We hope you enjoy our trip down memory-lane.  Feel free to dig through our archives, there’s lots of good stuff you might have missed.  Make sure to click on the Facebook "Like" button to add our Facebook page to your profile, if Facebook is your thing.

Wednesday, September 28, 2011

Raising a Nation of Mush-brained Wusses


Now don’t get me wrong… When my first son was born, my wife and I went a little overboard with the whole baby safety thing. We watered down the Jack Daniels in his bottle, only loaded the Smith and Wesson 357 in his crib with blanks, and made sure that he only smoked low-tar cigarettes. But as a nation, we are really taking things too far in protecting our little mush-brained darlings from themselves.

Case in point is the recently expanded recall of the Little Tykes Toy Workshop, Trucks, and Tool sets. The 2009 recall has been expanded from 1.6 million units to over 3.3 million units. When I first saw the headline I wondered, what could possibly be the problem? Were they radioactive? Did they spontaneously burst into flames? Did they shoot razor sharp spinning disks of death? No. Apparently, the 3 ¼ inch by 1 ¼ inch plastic nails present a choking hazard. Hmmmmmm….. Well, I guess if thousands of little bubble-wrapped mush-brains are dying from jamming them down their gullets maybe something should be done.
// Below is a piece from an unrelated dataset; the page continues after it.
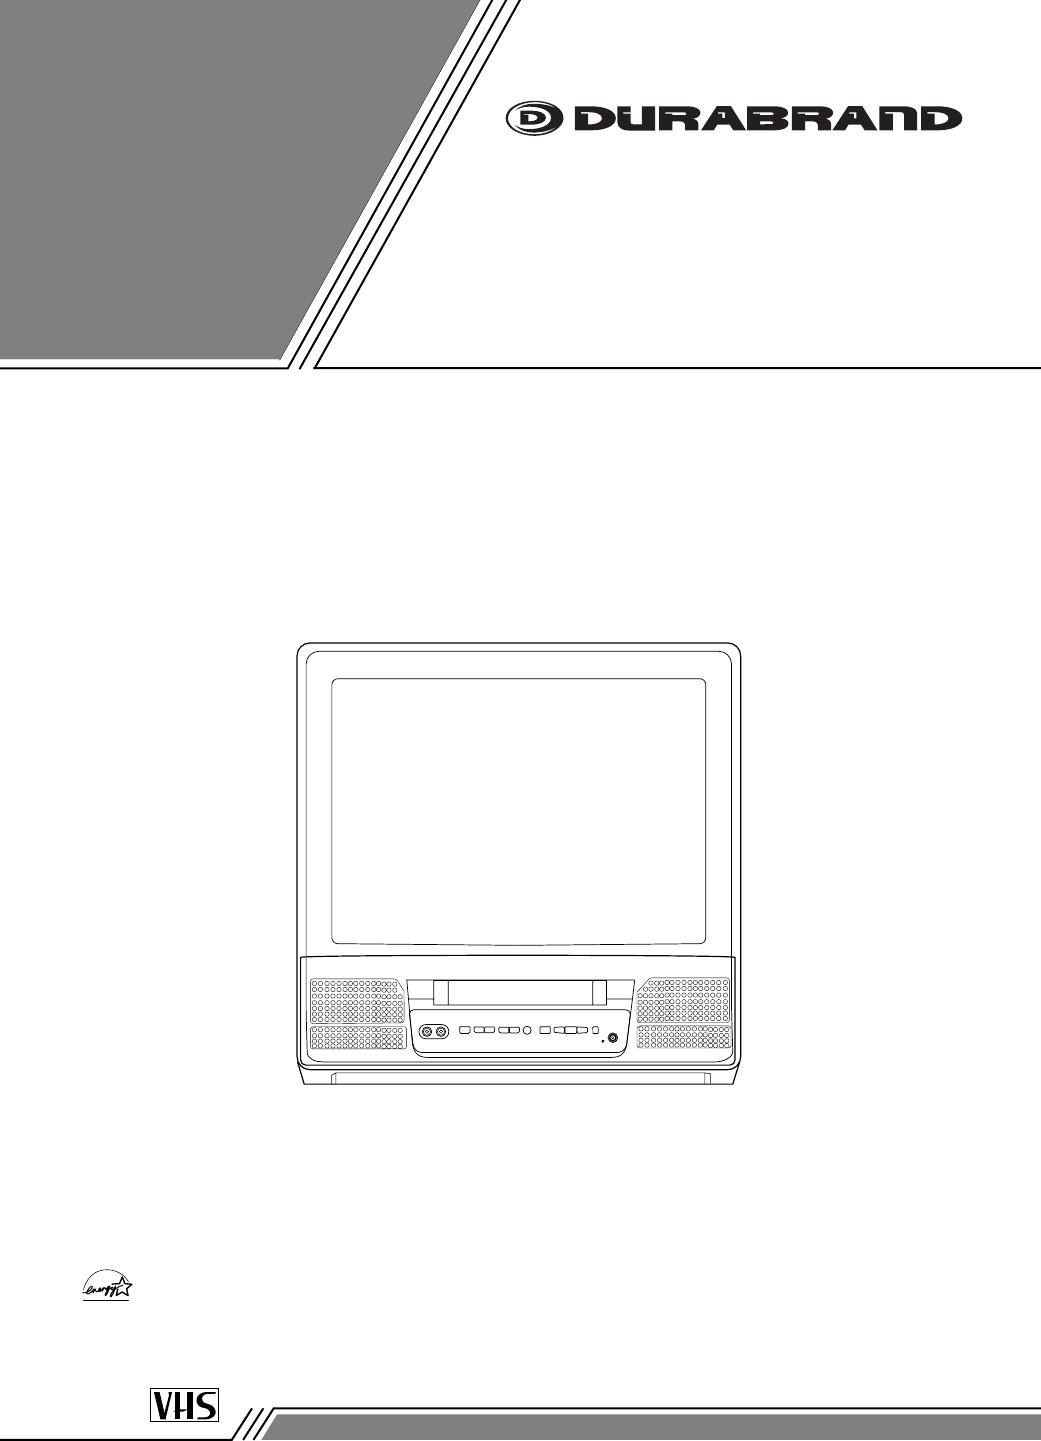 durabrand tv vcr combo dcc1303 user guide manualsonline com rh tv manualsonline com

I read further…. There have been two reporting incidents where both children were treated and made full recoveries. Two. Out of 3.3 million. That is a whopping .00000006 percent! WOW! As a parent, I feel my boys are so much safer.


Everyone raise their hand… Who out there didn’t learn the hard way that sticking a screwdriver in an outlet has some unpleasant side-effects? Didn’t do it again did you? (If you did, I can only assume that you voted for Bill Clinton twice but I digress.) Firecrackers in Coke bottles, homemade flamethrowers from cans of Raid, sledding while holding on to car bumpers, and bike ramps built at a 45 degree angle, from particle board, at the bottom of a steep hill. These were all invaluable teaching moments growing up. It taught us that bad decisions have consequences. Did we blame the particle board for splitting and launching us 15 feet straight up in the air? Did our parents sue the particle board manufacturer for making a defective product and not properly labeling the particle board with warnings about not using particle board for 45 degree bike ramps located at the bottom of steep hills? NO! Our moms shoved the protruding bones back into our arms and proceeded to beat us with the remaining particle board fragments all the way home.

No one wants to see their children harmed. But as parents, and by extension a nation, we do our children more harm than good by not allowing them to experience the consequences of their stupid decisions. We prefer to hermetically seal them in bubble wrap and 42 point harness them into safety seats until they are 40.

When, instead of overprotecting our children, blaming others for their mistakes, and rationalizing their poor behavior, are we as parents going to start teaching them personal responsibility? Maybe right after we start taking responsibility for our own actions. I’ll start holding my breath.